National is coming under renewed attack over an unpaid GST debt to several broadcasters.
It is now almost 11 months since National confirmed an error in the way it spent its $900,000 allocation for television and radio advertising in last year's election campaign.
The mistake - which was put down to a "misunderstanding" between National and its advertising booking agency - meant the party did not add GST on to its expenditure.
As a result, National has a GST bill of $112,000 that it believes it cannot pay because it would knowingly breach its Broadcasting Act spending cap if it did.
Broadcasters that ran the party's advertisements last year - including TVNZ, TV3, Sky and Prime - have had to pay the GST to Inland Revenue.
The situation has left National wide open to attacks from Labour, which yesterday seized on every opportunity it could to call for the party to "pay it back".
National president Judy Kirk last night said the party wanted to pay, but legally it couldn't.
"The Broadcasting Act is quite clear," she said.
Asked if it was satisfactory that broadcasters were footing National's bill, Mrs Kirk said, "Absolutely not. But the law says we're intentionally breaking the law if we do [pay it]."
National would potentially face a fine of $100,000 if it did pay the goods and services tax.
There is concern within the party that the person judged to have broken the law could be the one who signed the cheque to pay the bill. That could potentially be the party's new general manager, who will be named today.
National could choose to take a risk and pay, given that police did not prosecute Labour over its election pledge card. But it instead appears to be pinning its hopes on getting a private member's bill - which would allow it to pay without breaking the law - drawn in the parliamentary ballot.

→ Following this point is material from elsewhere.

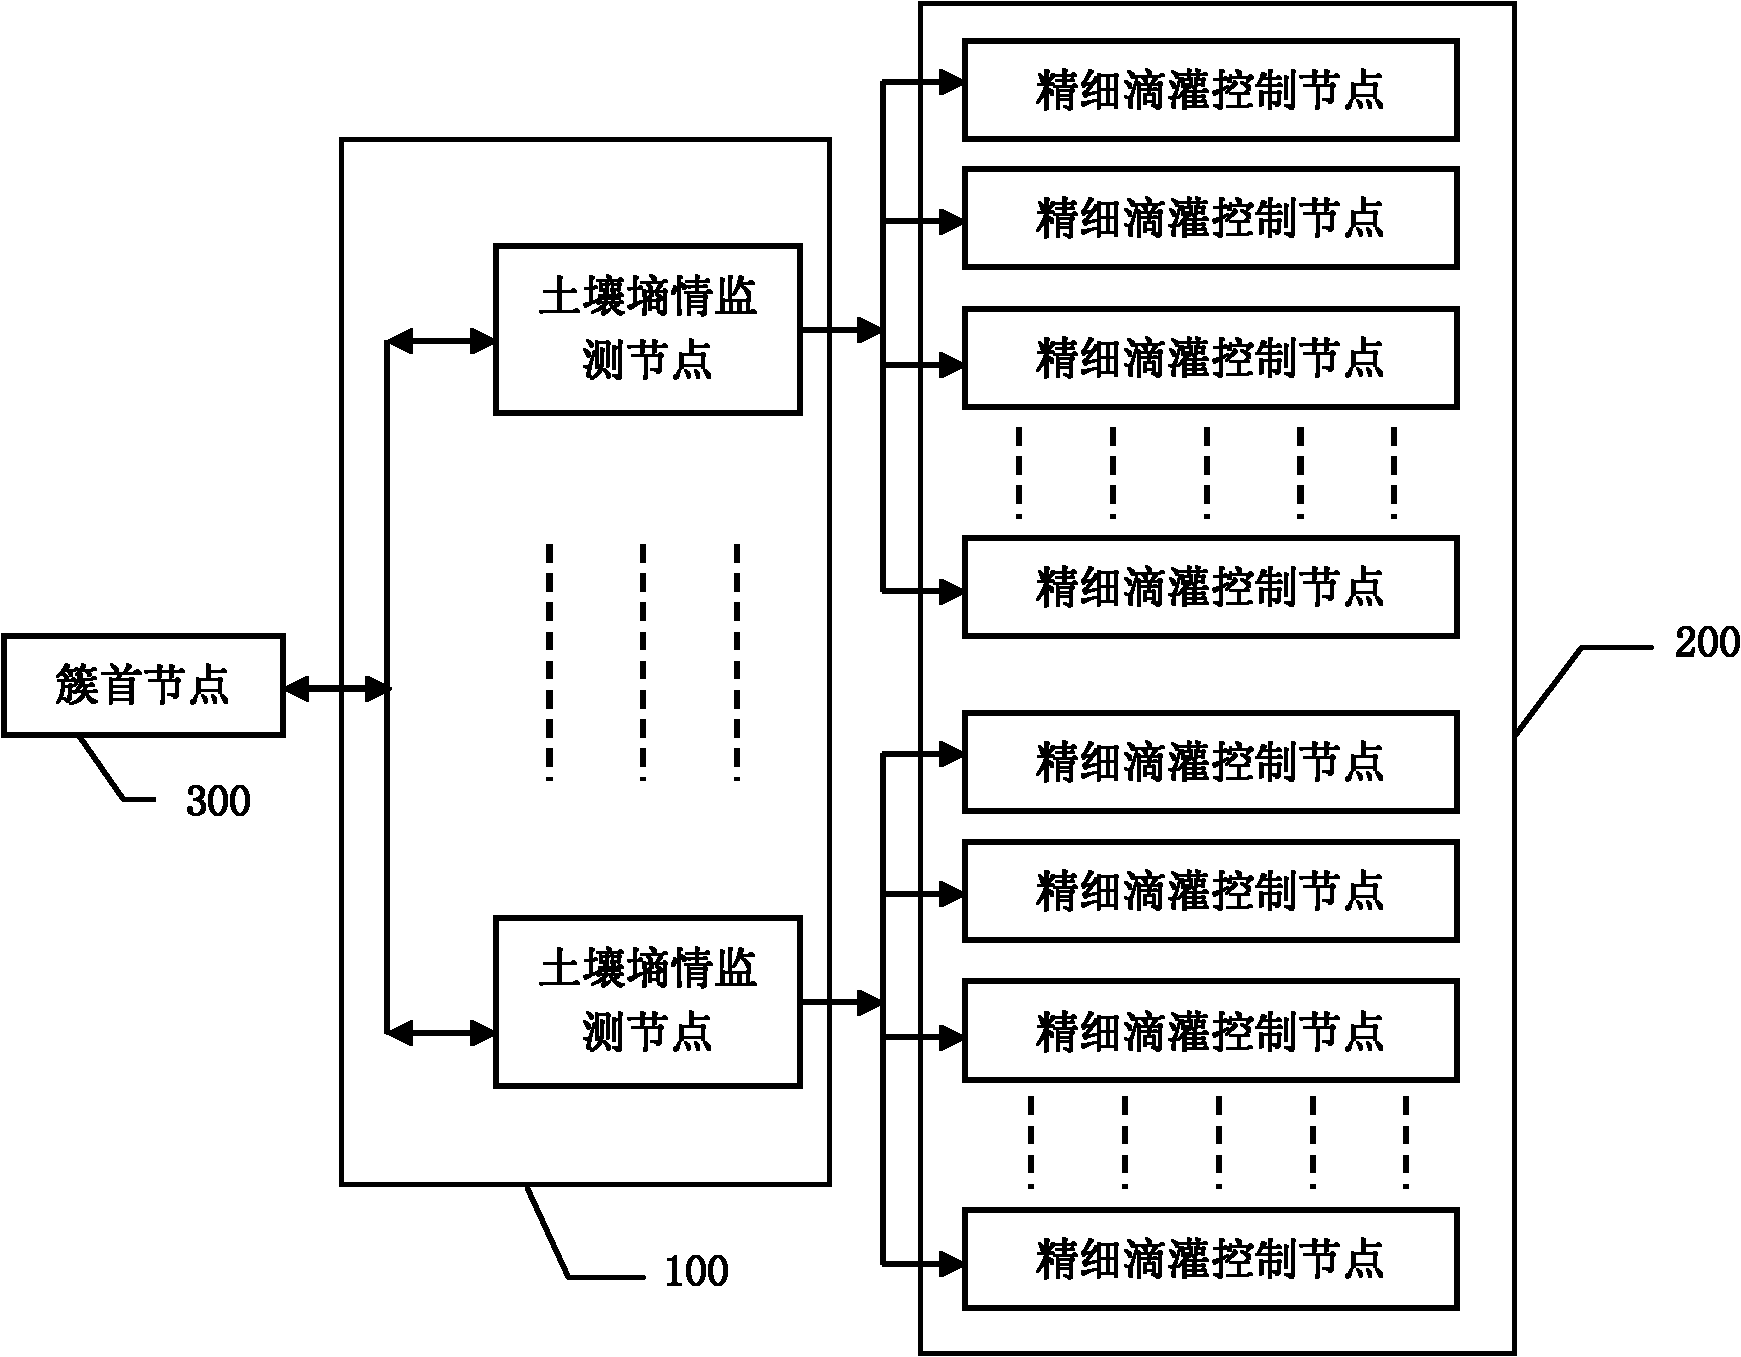 Precision drip irrigation measuring and controlling system based on wireless sensor network

Leader Don Brash has tried to introduce the bill before, but New Zealand First, the Maori Party and the Greens blocked it.
The irony of National wanting to use legislation has not been lost on Finance Minister Michael Cullen, who noted the party had been vehemently opposed to legislation to validate election spending recently found to have been unlawful.
A spokesman for the owner of TV3, CanWest MediaWorks, yesterday said the company was still in talks to recover the $16,000 National owed.
"We've been talking for a long time," he said. "We've been patient up until now."
He said National was "anxious" to resolve the situation.
A Sky spokesman said the company was talking to National and he was confident of a positive outcome.
TVNZ is owed about $57,000, and said it had rejected taking legal action to get the money.